If it’s true that in politics you are judged by the caliber of your enemies, Yukiya Amano is off to a stellar start. The 62-year-old Japanese technocrat has only been at the helm of the U.N.’s nuclear watchdog, the International Atomic Energy Agency (IAEA), for two months, but he is already exceedingly unpopular with the Iranian regime.
On Feb. 21, Alaeddin Boroujerdi, the influential head of the National Security and Foreign Policy Commission of Iran’s legislature, known as the Majles, took the unprecedented step of publicly chastising the newly-installed Mr. Amano. “We had announced earlier that the agency’s director general should avoid linking his reports to political issues, but Mr. Amano’s reports seem to be moving toward politicization,” the legislator told reporters.
Mr. Boroujerdi’s discontent stems from the IAEA’s latest report on Iran’s nuclear program, released publicly on Feb. 17. The study, the first issued by the agency with Mr. Amano at the helm, provides the IAEA’s most critical view to date of Iran’s nuclear endeavor, and of the possible dangers associated with it. Intelligence amassed by the IAEA, the report says, “raises concerns about the possible existence in Iran of past or current undisclosed activities related to the development of a nuclear payload for a missile. These alleged activities consist of a number of projects and subprojects, covering nuclear and missile related aspects, run by military-related organizations.”

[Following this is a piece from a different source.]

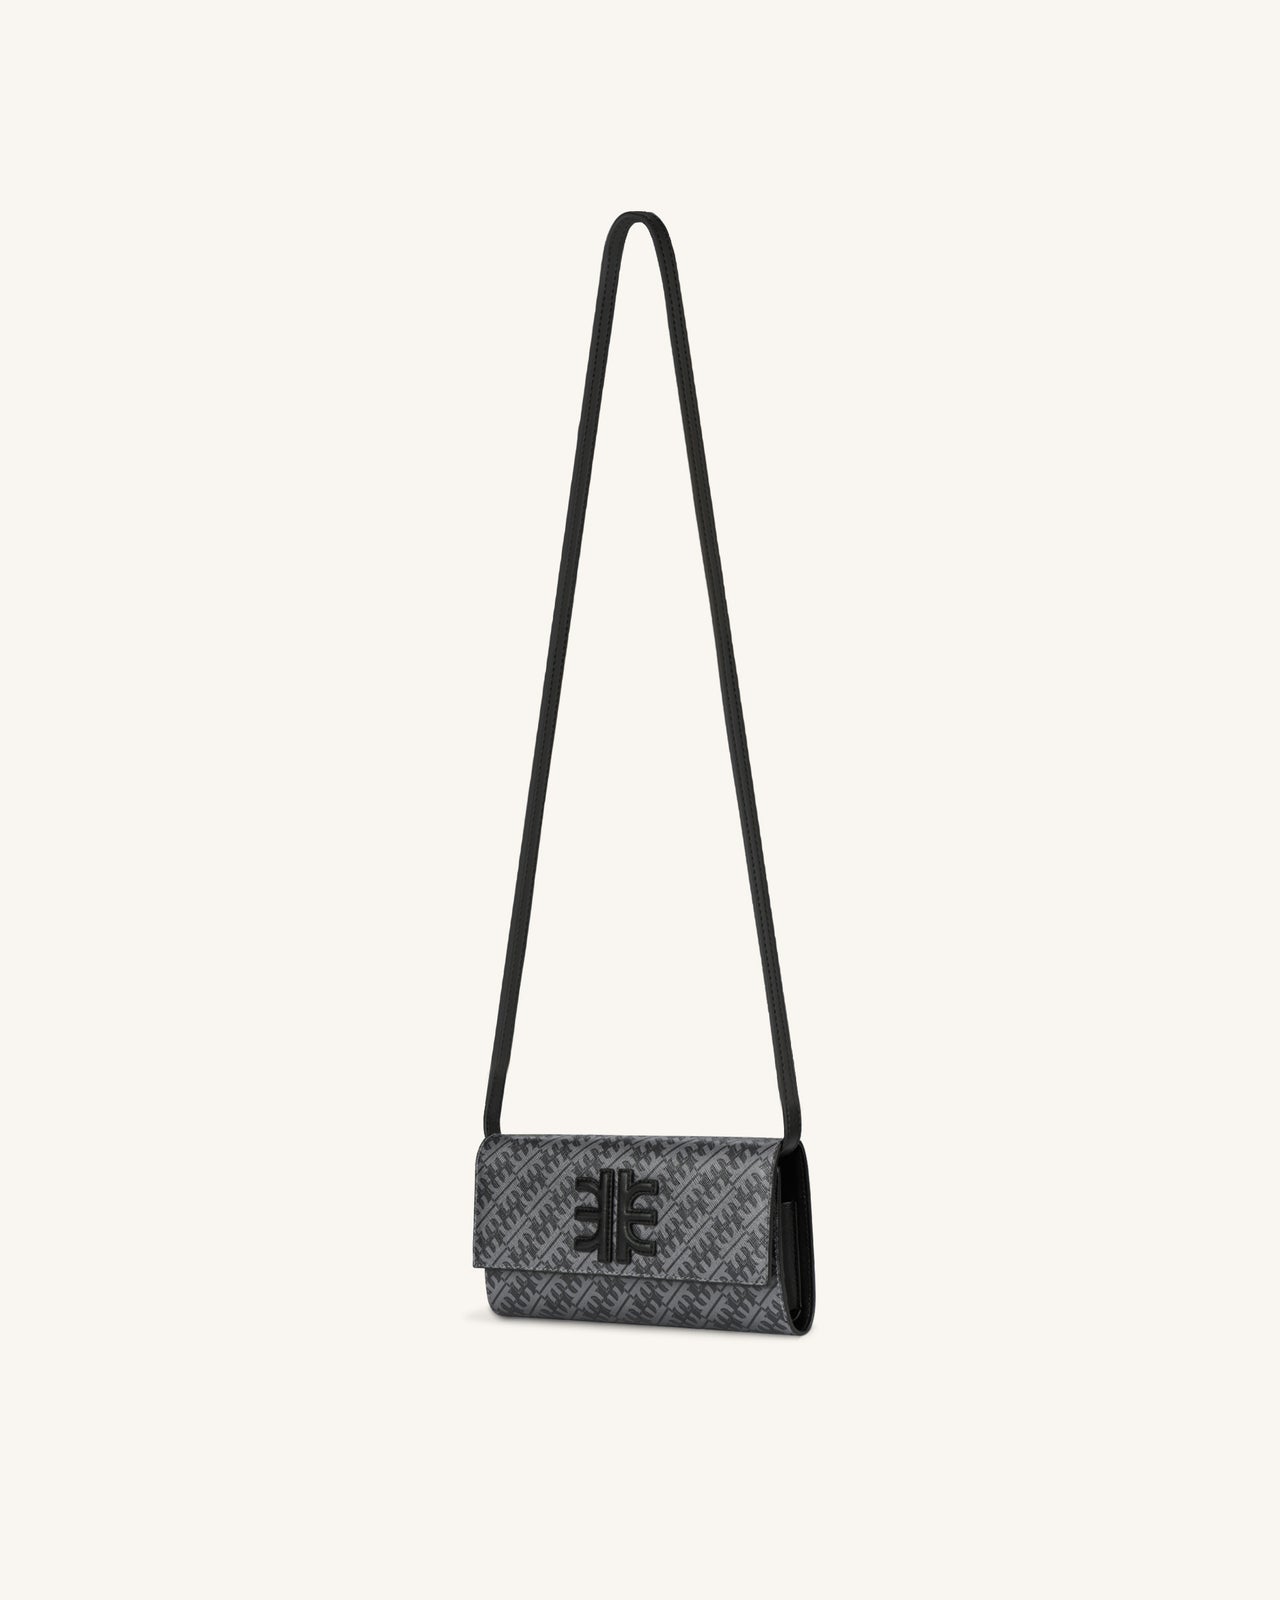 JW Pei Women's FEI Chain Clutch Bag Small Monogram Crossbody Bag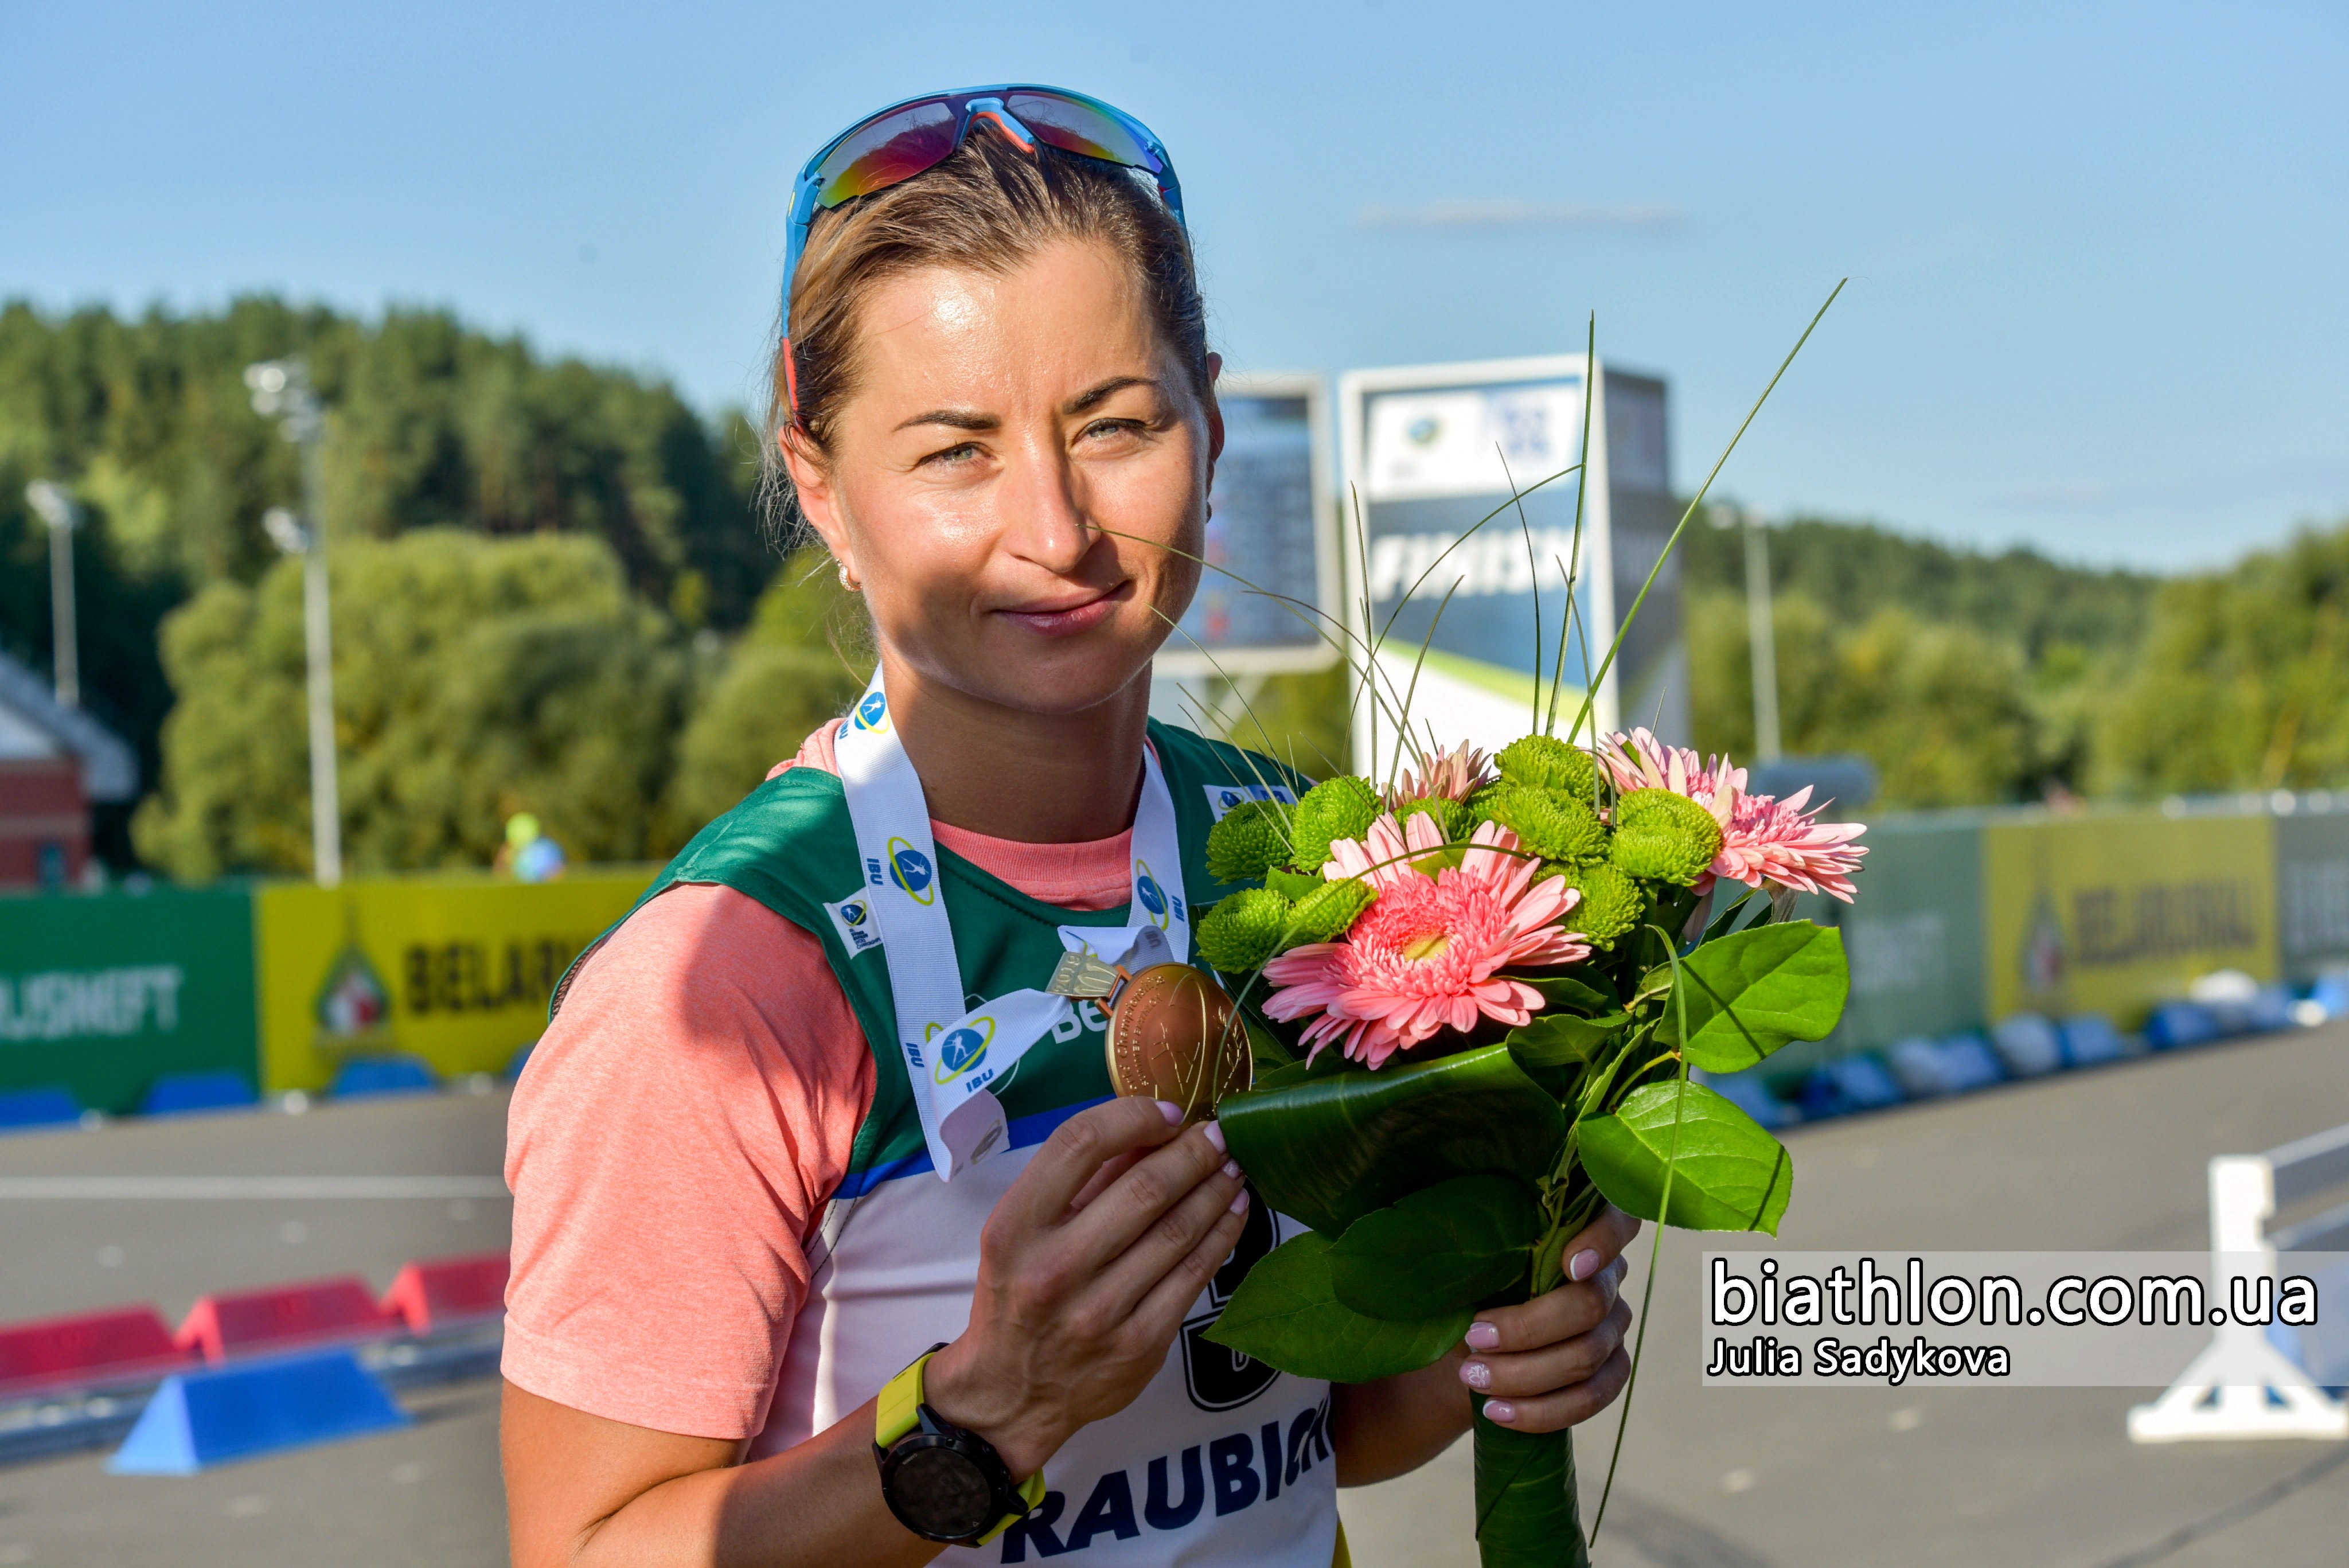 Валентина Семеренко заняла 1-е место в супер-спринте на летнем чемпионате мира по биатлону

The new IAEA assessment is all the more striking given the distinctly counterproductive role the IAEA has traditionally played in the international debate over Iran’s atomic effort. Under the direction of Egyptian diplomat par excellence Mohammed ElBaradei, the organization busied itself with all manner of issues, nuclear and otherwise, while giving short shrift to the strategic logic underpinning the ayatollahs’ enduring interest in the bomb. In the process, the organization and its famous head came to be seen as something less than an honest broker in the international effort to prevent the Islamic Republic from going nuclear. (Depending on how you view it, Mr. ElBaradei’s confession last year that he thought the Iranian regime may indeed be striving for nuclear weapons status after all was either a true change of heart, a savvy burnishing of his legacy, or an effort to bolster his credentials ahead of a possible bid for the Egyptian presidency.)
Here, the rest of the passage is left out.